Y’all know what tomorrow is. I have a lot to be thankful for.
A home. A family. A good job. So very blessed to have all I have.
I complain to much about what happens and not the results of what happens good or bad.
I need to change that. I will change that.
The boss called me today about my new part-timer, and she’s the lady I mentioned the other day.
He asked me if I was going to talk her up to him. I told him I didn’t need to. She’ll show him. I have all the faith in the world in that. She impressed me when we worked together years ago.
I’m thankful I’ll be getting some help.
I’m thankful that at fifty-three years old, I’m still working and learning.
I learn little things to make my days easier at work every day.
Tomorrow morning I’m learning yet another thing on the truck—oxygen sensors.
Bank 2 Sensor 1 is failing, causing the fuel system to work in a closed-loop, according to the log.
I don’t understand all of it, but I know where that oxygen sensor is and how to change it.
This is causing misfires. I can’t feel them but the OBD can read them. The truck starts a little rough but settles in quickly after starting out if the drive. My MPG has actually increased by .5 miles per gallon.
If it weren’t for the OBD reader and a check engine light, I probably wouldn’t notice.
It’s good to learn new things.
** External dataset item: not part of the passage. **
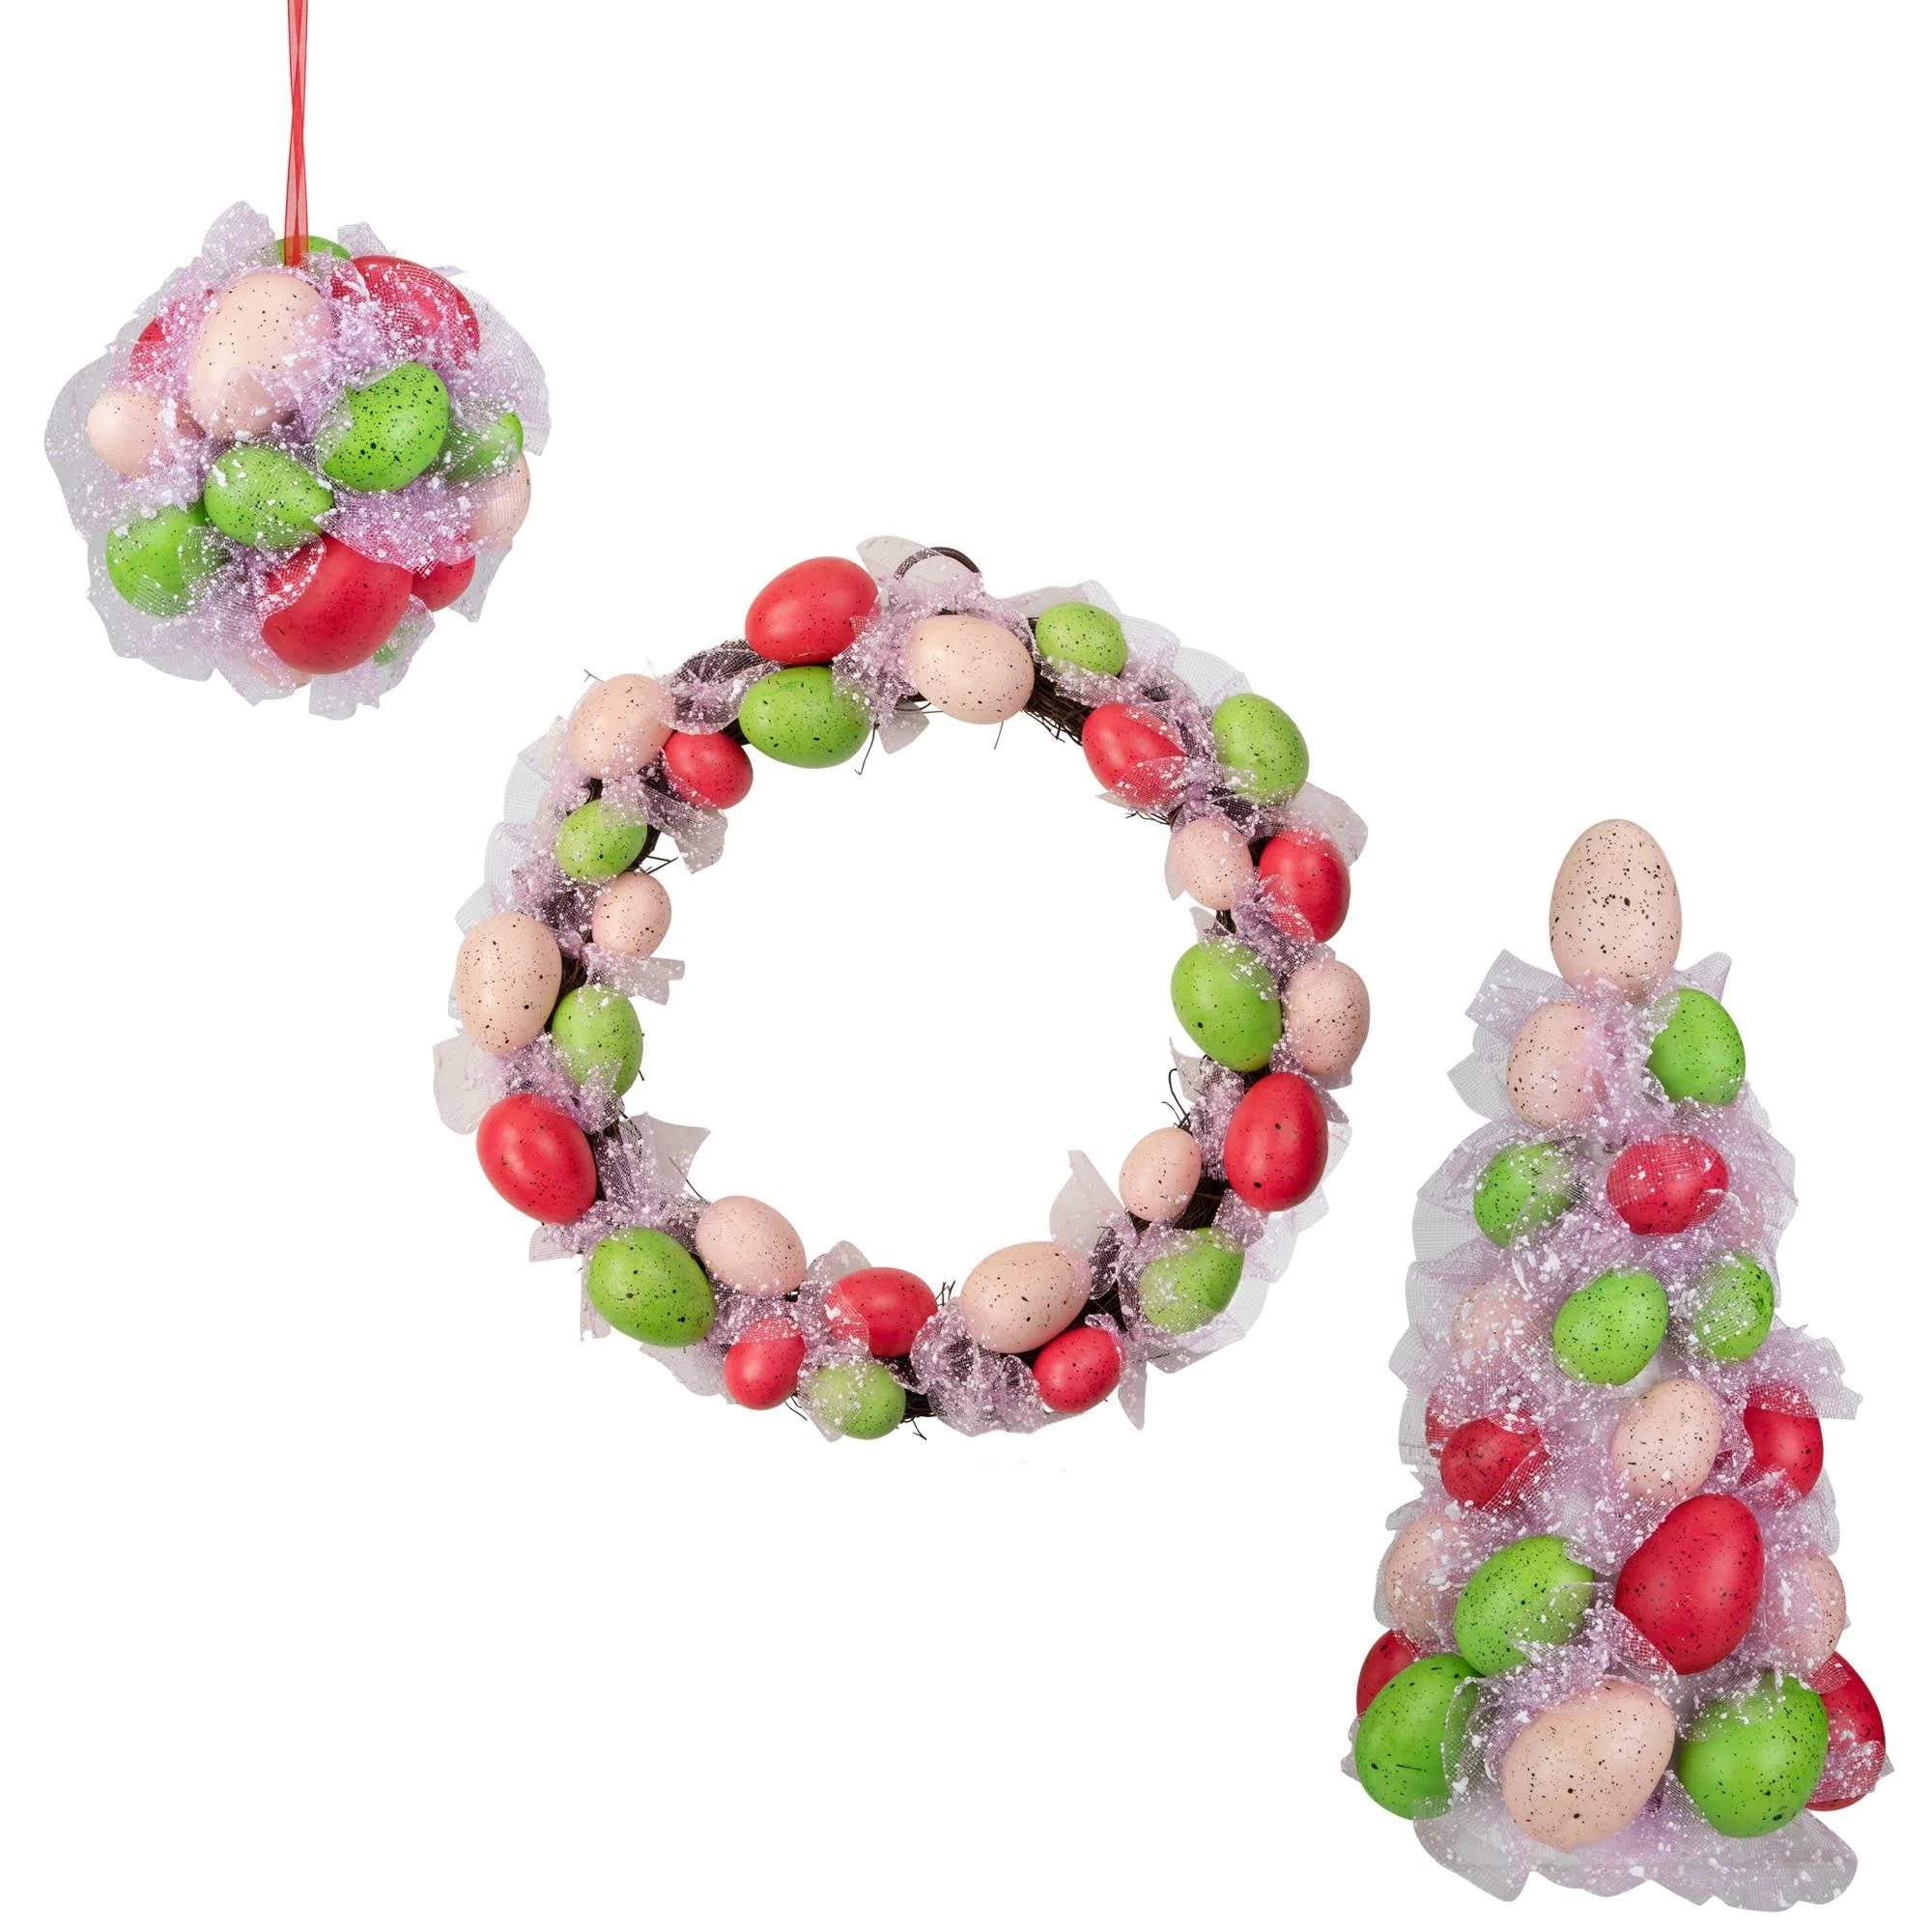 Northlight Speckled Easter Egg Tree and Wreath Set | Image

I feel like I’m tweaking this here and there and I can’t really complain about twenty-two year old parts failing.
I have to admit I did not have an enjoyable morning. The shudders and stutters are back.
I drove around a bit, and things cleared up. I was thinking that it might be bad plugs or wires again. But these shouldn’t have gone bad within the time since I’ve changed them out. I’m going to check them, but I did some research tonight and I may have found the culprit.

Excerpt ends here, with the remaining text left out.